Corrupt Power -- The crux of the movie, is that the (evil) corporate and political establishment have lied about making Soylent Green out of plankton. The truth is that mankind polluted the oceans and killed the plankton too. On top of that, they figured out a way to recycle dead people to make food. Thorn rightly warns people that this means the (evil) authorities' next step is to regard the poor as livestock to be tended and harvested.

Riot Control -- In an era of war protests, the intervention of The Scoops is a chilling visual. Trash trucks with front-end loader scoops drive into the mass of protesters. The trucks scoop up a load of people and dump them in their boxes. The masses have been devalued to the point of being rubbish which must be cleared away. Viewers are expected to horrified at what lengths The Man will go to.

Appropriate End -- As a footnote, SG was Edward G. Robinson's last film. While SG was filming, he was dying of cancer.

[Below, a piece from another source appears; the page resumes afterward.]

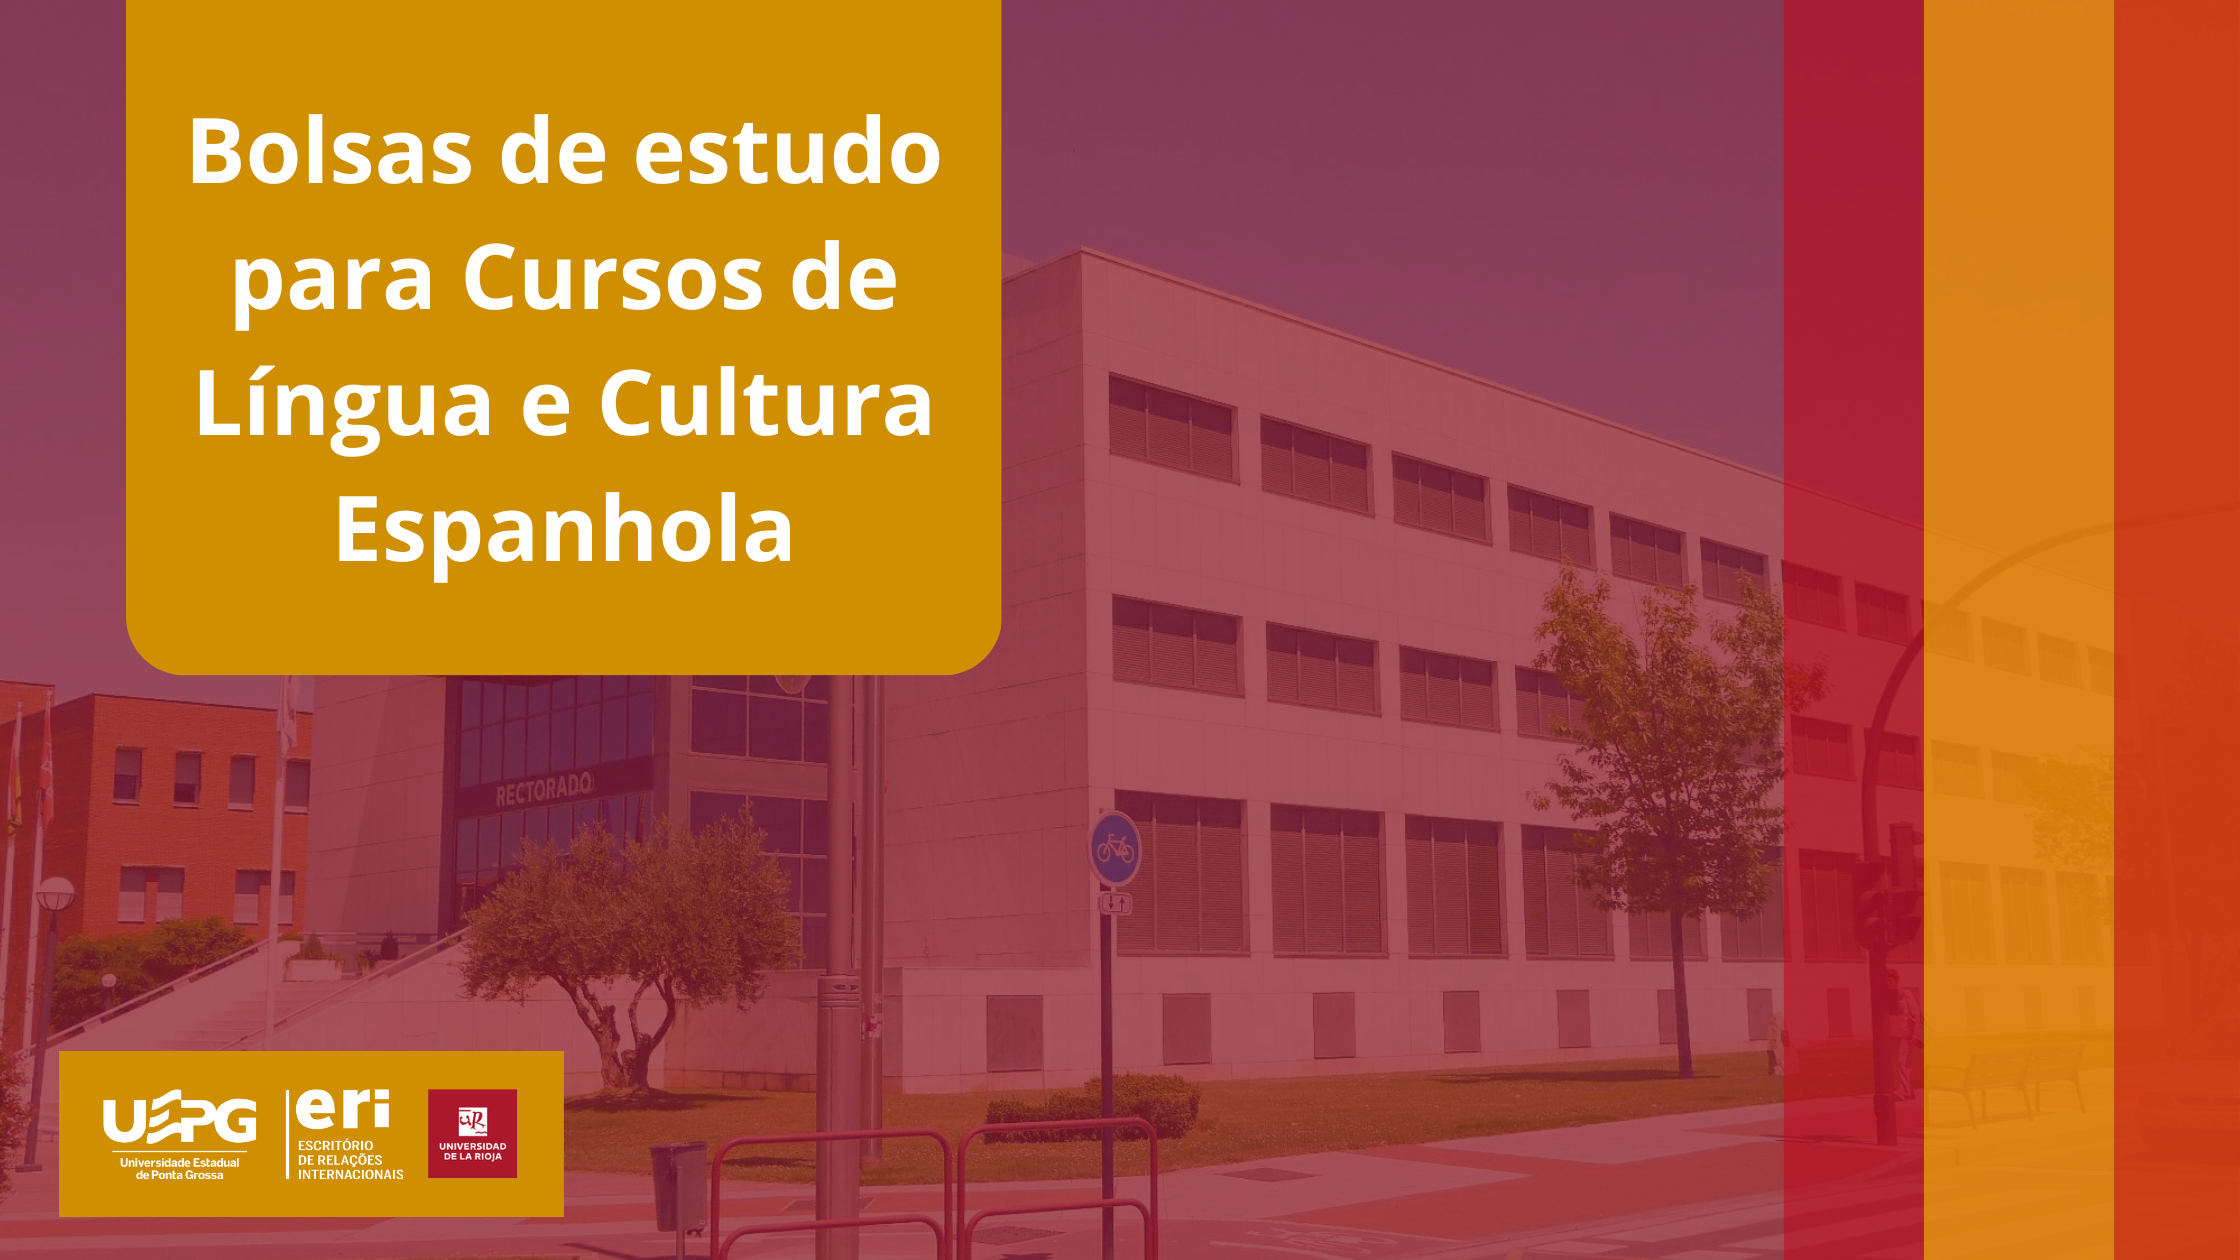 Bolsas de estudo – Cursos de Língua e Cultura Espanhola da Universidade de La Rioja

This lends some real and unintended poignancy to his final scene in the euthanasia chamber. His last few feet of film, are him acting out his own death. He died a couple weeks after filming was done.

Bottom line? SG is one of those must-see films -- even for those who aren't sci-fi fans. It is a powerful story and much more of a social commentary than a monsters-and-aliens film. Heston and Robinson provide good performances. Director Richard Fleischer provides compelling visuals. Screenwriter Stanley Greenberg provides a deep story with many layers of subtext. SG is not only worth watching, it's worth watching several times to explore it's many minor threads.